Extending Nmap With Lua

I originally wrote this piece for a pentesting magazine, but after some unprofessional behavior by their editor I lost my cool and decided not too publish it there. It’d be a shame to let it go to waste though, so I after almost three month I finally decided to put it up on my blog.

Whether you are working as a security professional or a network administrator, chances are that Nmap (“Network Mapper”) is part of your regular toolkit. For many people this project, which was started by Gordon “Fyodor” Lyon in 1997, is the first choice when it comes to host and service discovery.

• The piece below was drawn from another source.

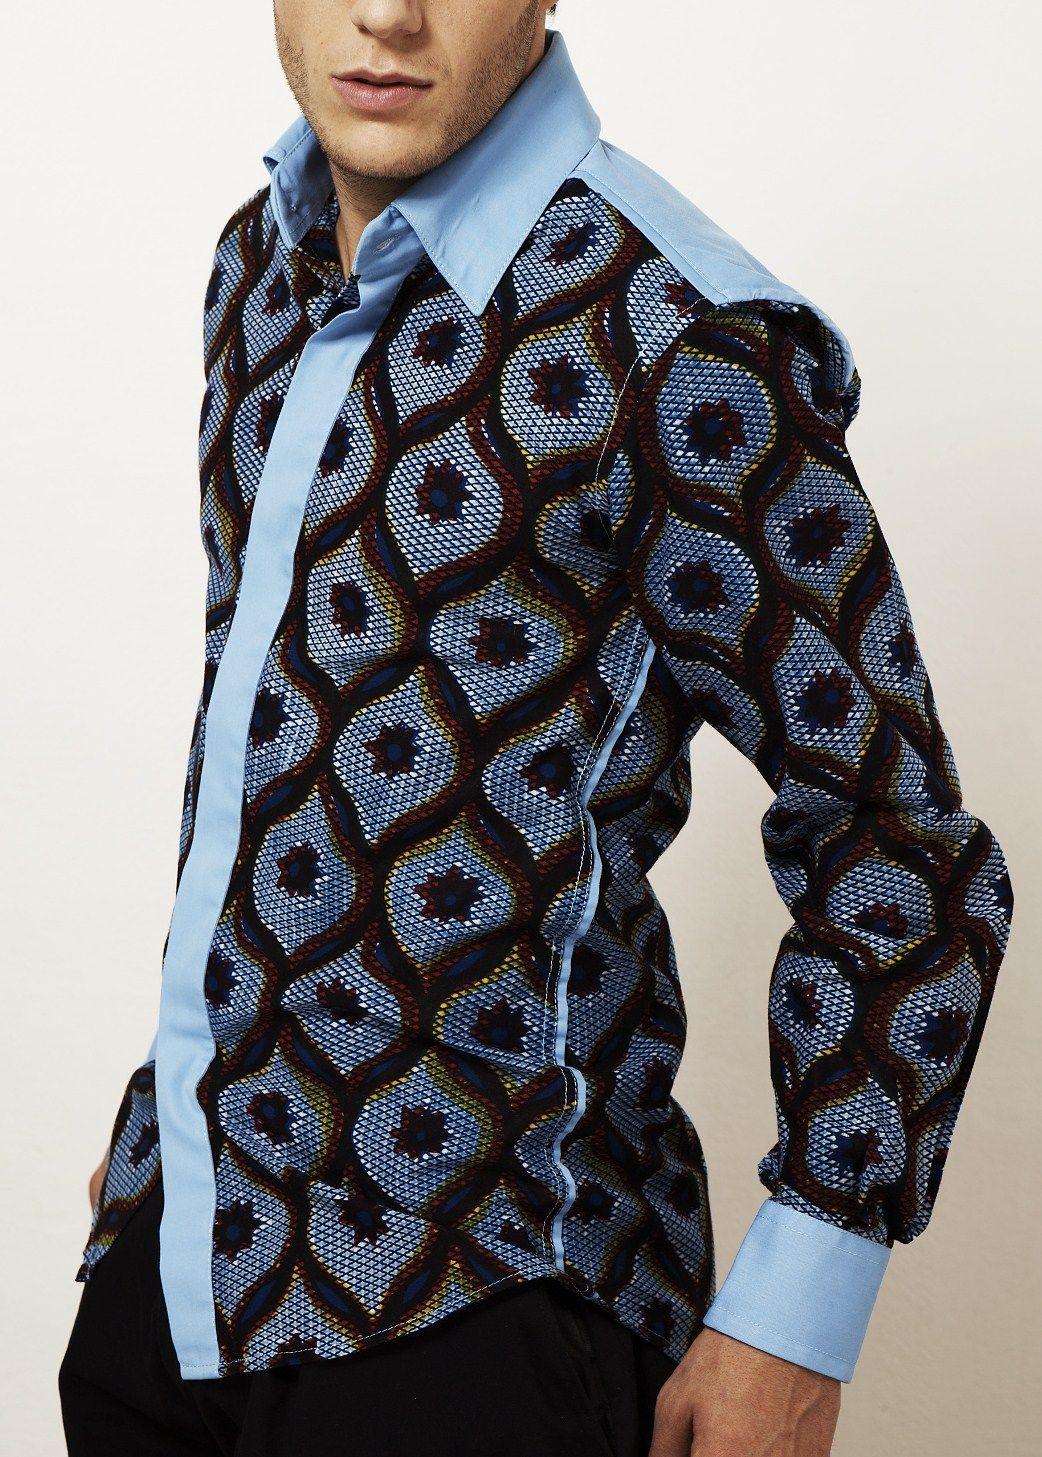 Shirts | Kévé | African men fashion, African clothing for men, African shirts for men

But thanks to the Nmap Scripting Engine (NSE), it can do much more than that, allowing users to easily develop and share their own scripts, thus turning it into a versatile security scanner.

What you will learn…

basics of the Lua programming language,
walkthrough of a simple NSE script,
where to find more information on scripting Nmap and Lua in general.

What you should know…

basic Nmap usage,
an imperative programming language.

The Nmap Scripting Engine (NSE)

Scripting has been part of Nmap for a while, but version 6 includes a dramatically improved implementation of the NSE infrastructure. This also led to an enormous increase in available scripts, from 59 in version 5, to 347 in the latest release and more than 430 in the current SVN repository. The core of NSE is an embedded Lua interpreter. Before NSE’s implementation started, the Nmap developers considered various programming languages for inclusion, but finally settled on Lua because it’s small, liberally licensed (MIT), fast, actively developed and designed with embeddability in mind. It’s also used in other popular FOSS security tools like Wireshark and Snort, as well as in popular projects such as World of Warcraft or the window manager Awesome.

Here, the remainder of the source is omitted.